My groomer wouldn't cut Bailey's topknot off so I had to do it myself! LOL!

She waited until I came to pick him up to do it so I could supervise, but she was so nervous. She ended up just trimming it slightly by the eyes, but it wasn't enough. He looked liked a Llaso Apso!

Bailey has a tiny little cowlick, but it mostly lies down flat today. Of course, he never wore a tight topknot. He always restyled his hair as soon as I let him go!


----------



## edelweiss (Apr 23, 2010)

I would love to try Kitzel w/a visor, but I am not sure it will ever happen.
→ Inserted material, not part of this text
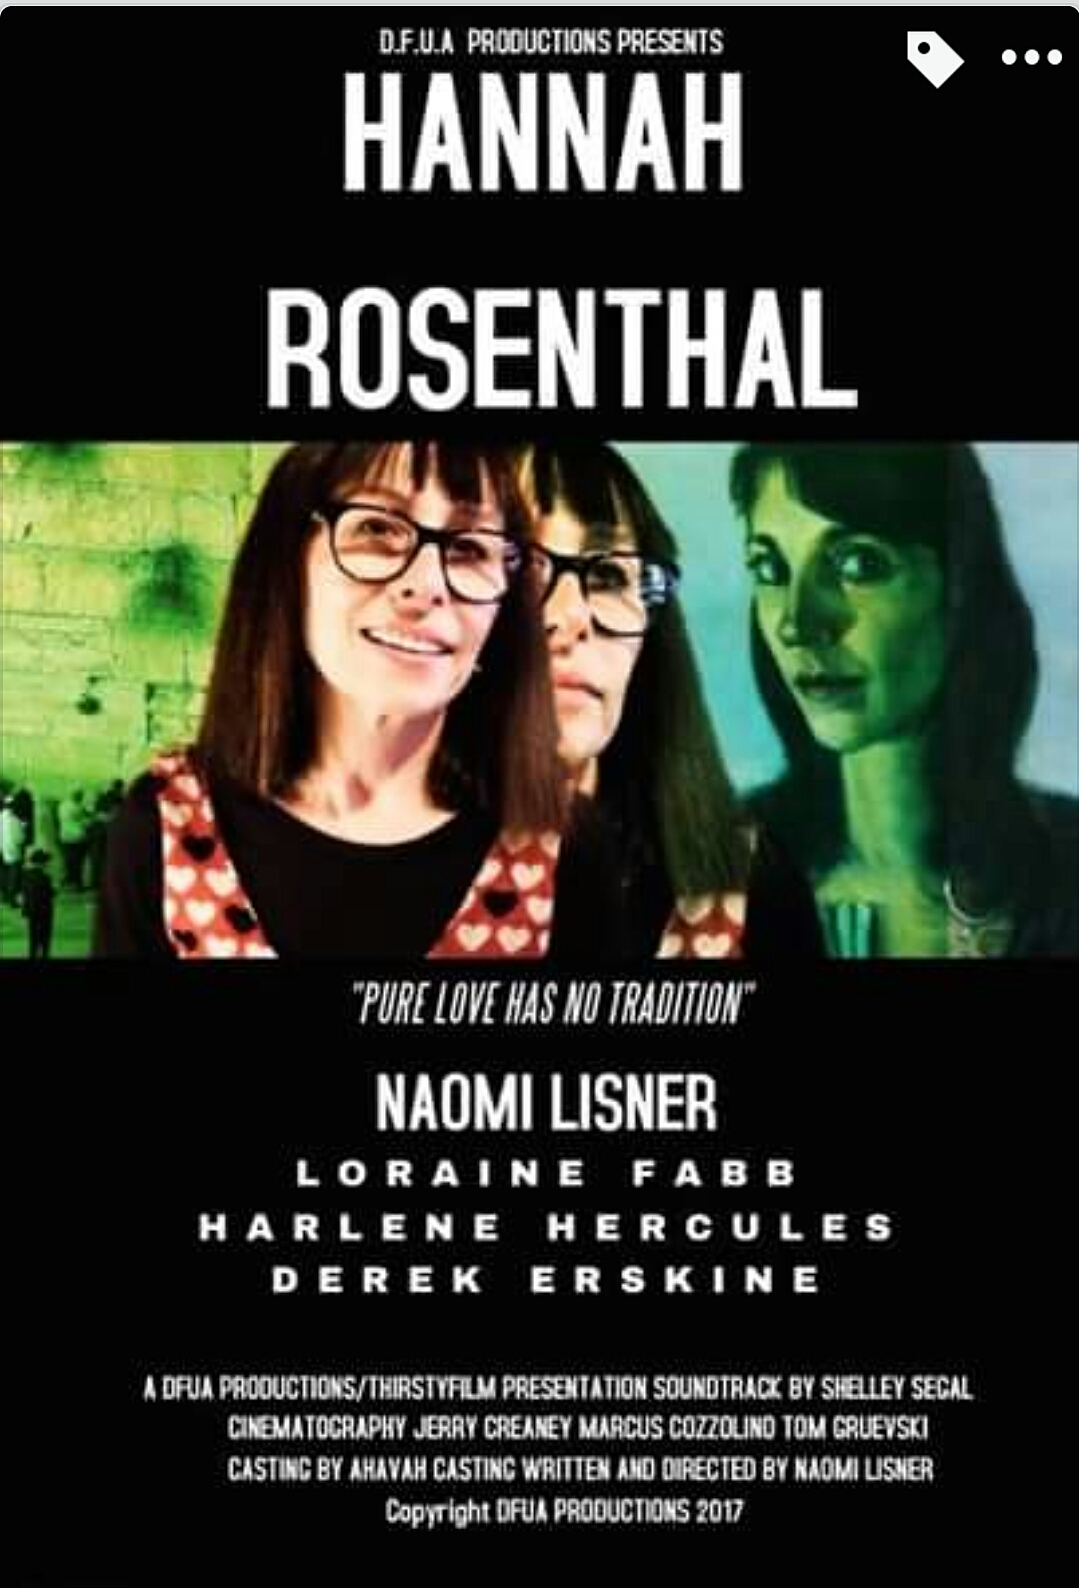 Aerfeldt painting in the short film 'Hannah Rosenthal' 2017

With 2 legs from the hip to the ankle bone shaved down & just starting to turn white again, along w/the front left leg shaved a good 2 inches where he had the IV---well, should the top-knot trim go a-rye I am not sure how we could appear in public! :HistericalSmiley::HistericalSmiley:

Kitzel loves his new Susan Lanci carry bag---and maybe it is because he is so ashamed at his bare legs w/the tufts on the bottom! :blink:


----------



## aksm4 (Nov 28, 2011)

Oh my God Marj , that is what Becky looks like almost all day !!!! this is why i feel like cutting her off also , sick of having to fix it like 10 times a day !!!!!


----------



## edelweiss (Apr 23, 2010)

Marj, did she trip hair between the eyes to give the "huge eye" look?


----------



## maltese manica (Nov 6, 2012)

He is cute no matter what


----------



## Matilda's mommy (Jun 1, 2005)

Marj he looks like a big boy now:wub: no more baby look:wub: he is just so kissable, I am so happy you have little Bailey


----------



## zooeysmom (Aug 1, 2011)

Bailey looks *adorable *w/o the topknot! I think all Malts look just as cute and most are so much happier w/o one.


----------



## TLR (Nov 13, 2011)

Oh I love it, he looks adorable...nice job and I am sure he is happier.


----------